Bond investors and credit raters have responded positively to Cameron's austerity budget. When the cuts kick in, other responses could include strikes, demonstrations and riots.
This is a risky strategy in a nation where "socialism" is not an epithet but a founding commitment of one of the main political parties. But Cameron's austerity has the virtue of economic responsibility. It is easy to close a budget deficit with massive new taxes -- but it is also massively destructive to economic growth. So Cameron has proposed about 4 pounds in spending reductions for every pound in tax increases. A recent study of 44 major fiscal adjustments in developed nations since 1975 found that a one-percentage-point increase in taxes as a portion of GDP cuts annual economic growth by an average of 0.9 percentage points. Reducing government expenditures by one percentage point, in contrast, increases average annual growth by 0.6 percentage points.
If Cameron's approach works -- dramatically cutting deficits without stalling economic growth -- it will be an obvious, powerful example for America and other nations.
But Cameron's progress offers two other lessons that some Republicans may be less willing to acknowledge.
First, Cameron's austerity measures have succeeded (so far) in the context of a coalition government with Liberal Democrats -- Britain's centrist third party. This alliance of the middle has made Cameron's government less dependent for support on the extremes of either party, resulting in a truce on divisive issues such as immigration and European integration. Cameron's alliance remains strong at the highest levels of political leadership. It will be tested as party activists from both coalition partners canvass against each other in next year's local elections and referendum on electoral reform.

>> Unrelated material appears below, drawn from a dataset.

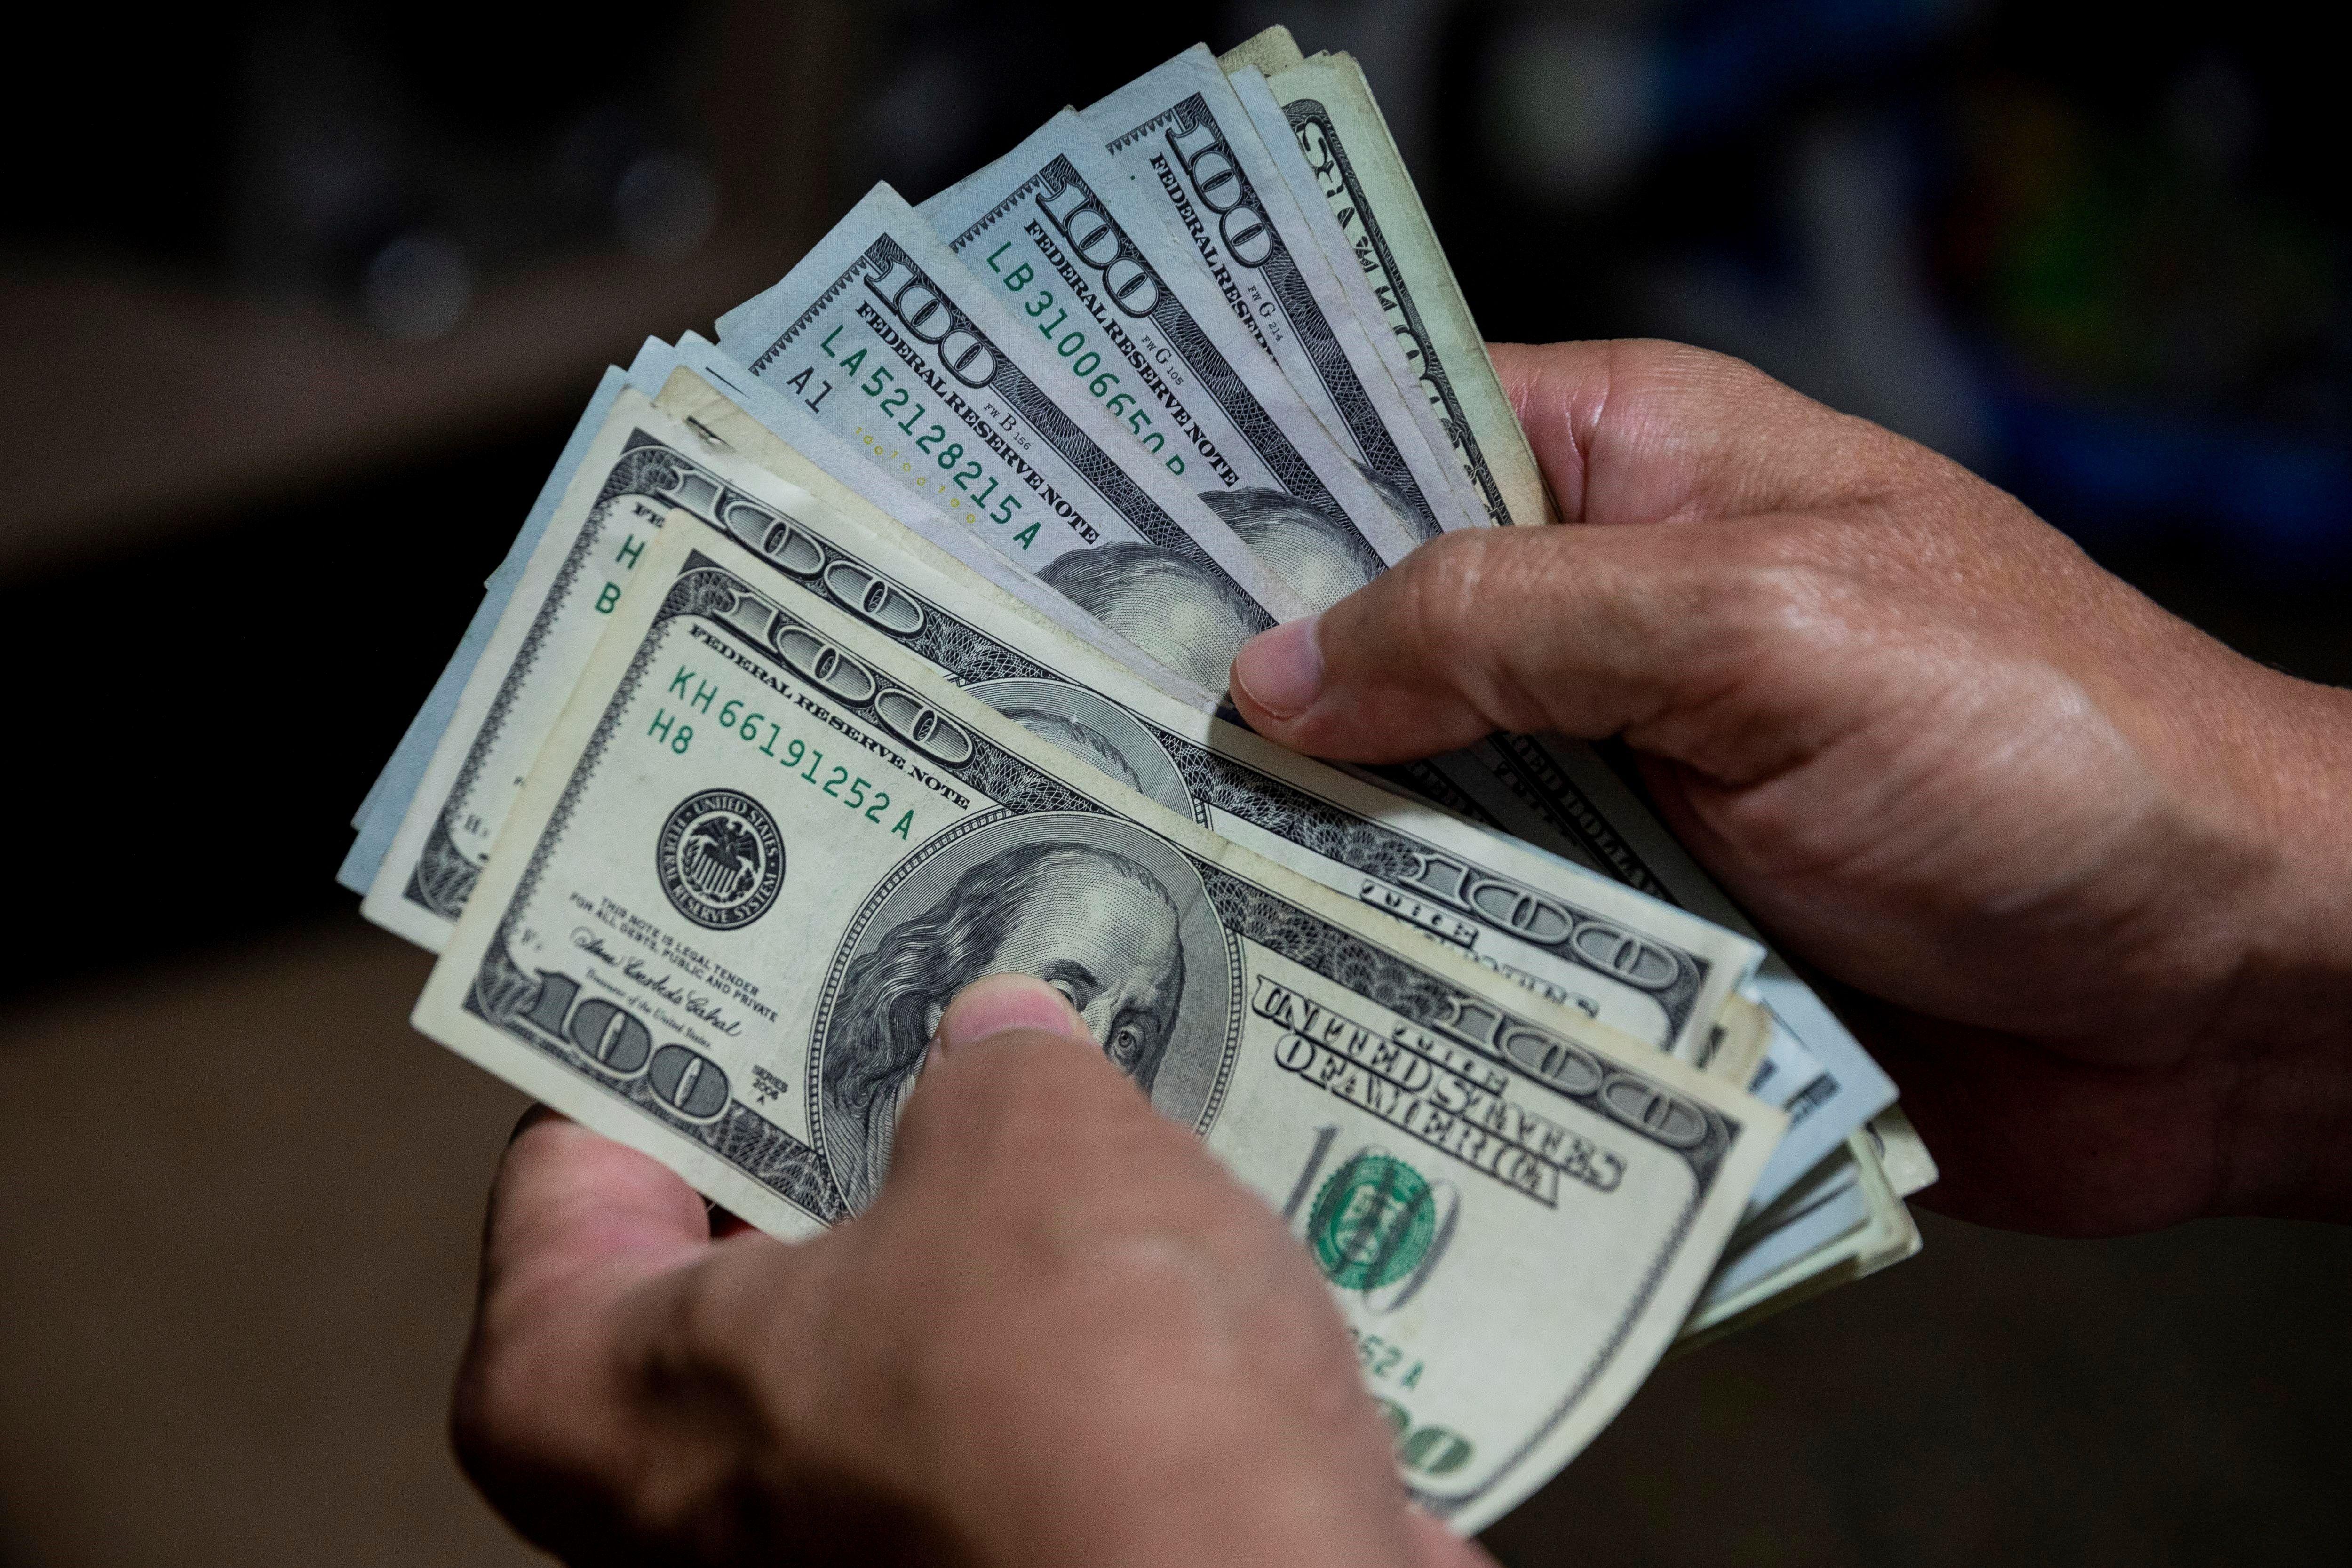 No se necesita crédito en dólares ni en divisas porque todos son recursos internos, domésticos, que están disponibles en el territorio nacional. No requieren importaciones (EFE)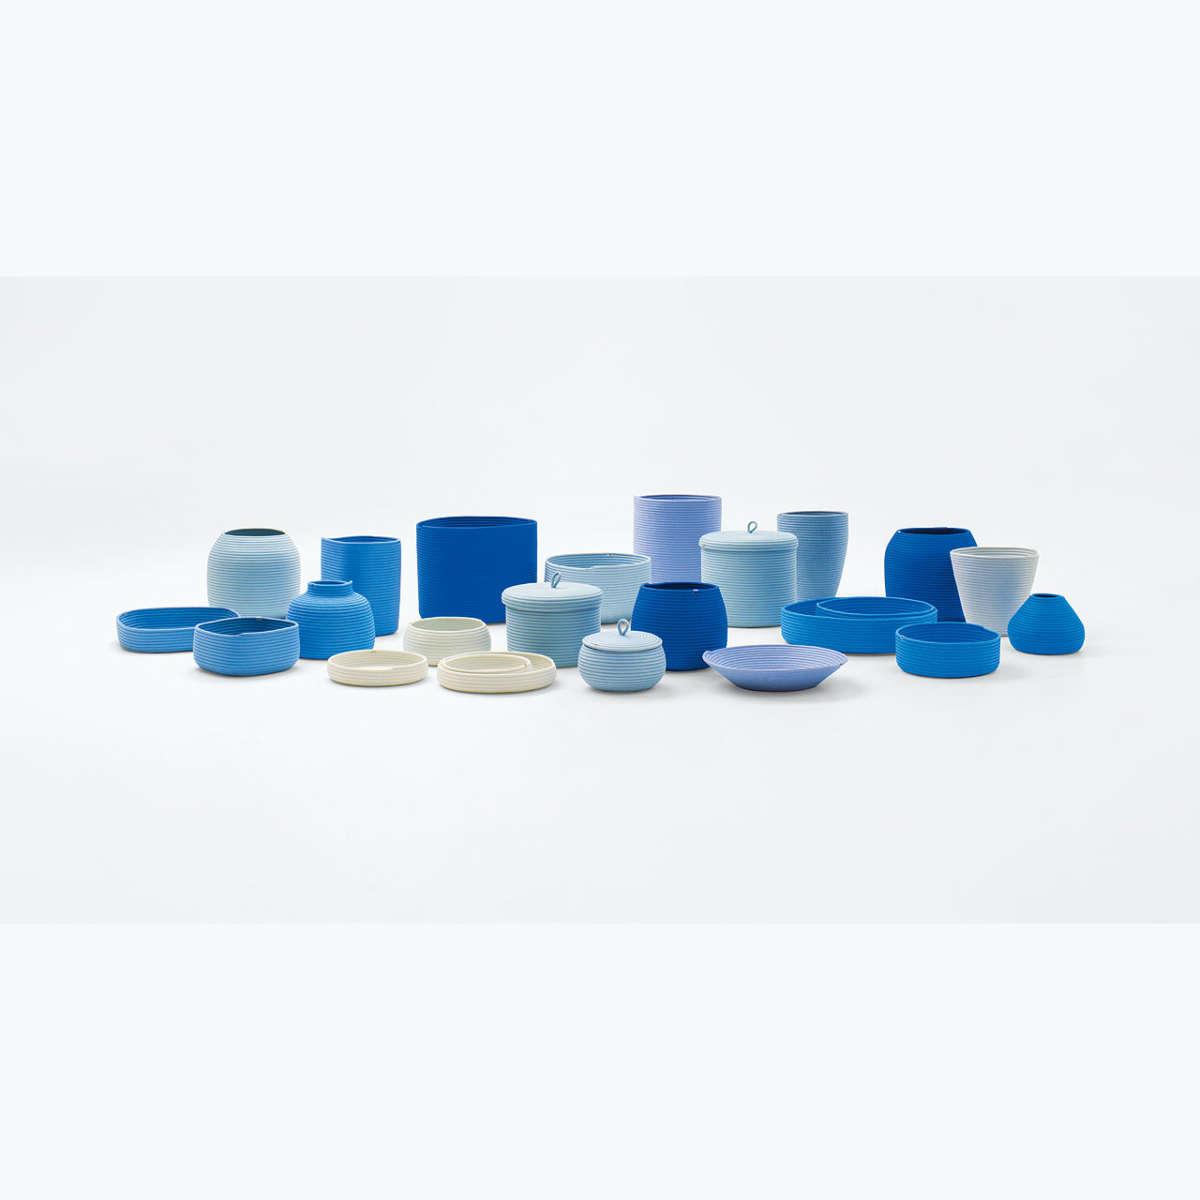 MG Co Sika blue set

A formal coalition government is not an option in America, which lacks a viable third party anxious for power. But large, politically risky spending reductions will require spreading the responsibility and the blame beyond a single party. Some type of center-right alliance of fiscally conservative Democrats and Republicans -- a coalition of the complicit -- will be needed in order to act boldly and marginalize partisan extremes.
Second, Cameron makes clear that austerity alone is not a sufficient message for a political party. He calls deficit reduction his "duty." He refers to his social agenda -- the "Big Society" -- as his "passion." Cameron has paired his emergency budget with a series of measures designed to encourage volunteerism, empower local communities, create charter schools, reform welfare and fund the work of private charities. The problem with centralized, government-oriented policies, he argues, is not only their expense. They have "turned able, capable individuals into passive recipients of state help." The alternative is a "thoughtful re-imagination of the role, as well as the size of the state."
Cameron envisions a radical kind of devolution, not only to local governments but to communities and individuals. Government, in his view, has an important role in building the Big Society, but it is mainly catalytic -- providing resources and authority to community institutions.
Critics in the Labor Party accuse Cameron of "cynically attempting to dignify its cuts agenda." But Cameron has been talking about these themes since well before the current financial crisis. The Big Society is not politically cynical, but it is politically smart.
Obama has every reason to fear the emergence of Cameron-style Republicanism. But American conservatives who respect Cameron's budget-cutting courage should also pay attention to his political insights. A successful austerity agenda depends on the assembly of an ideological coalition -- and it requires a domestic agenda more inspiring than responsible accounting.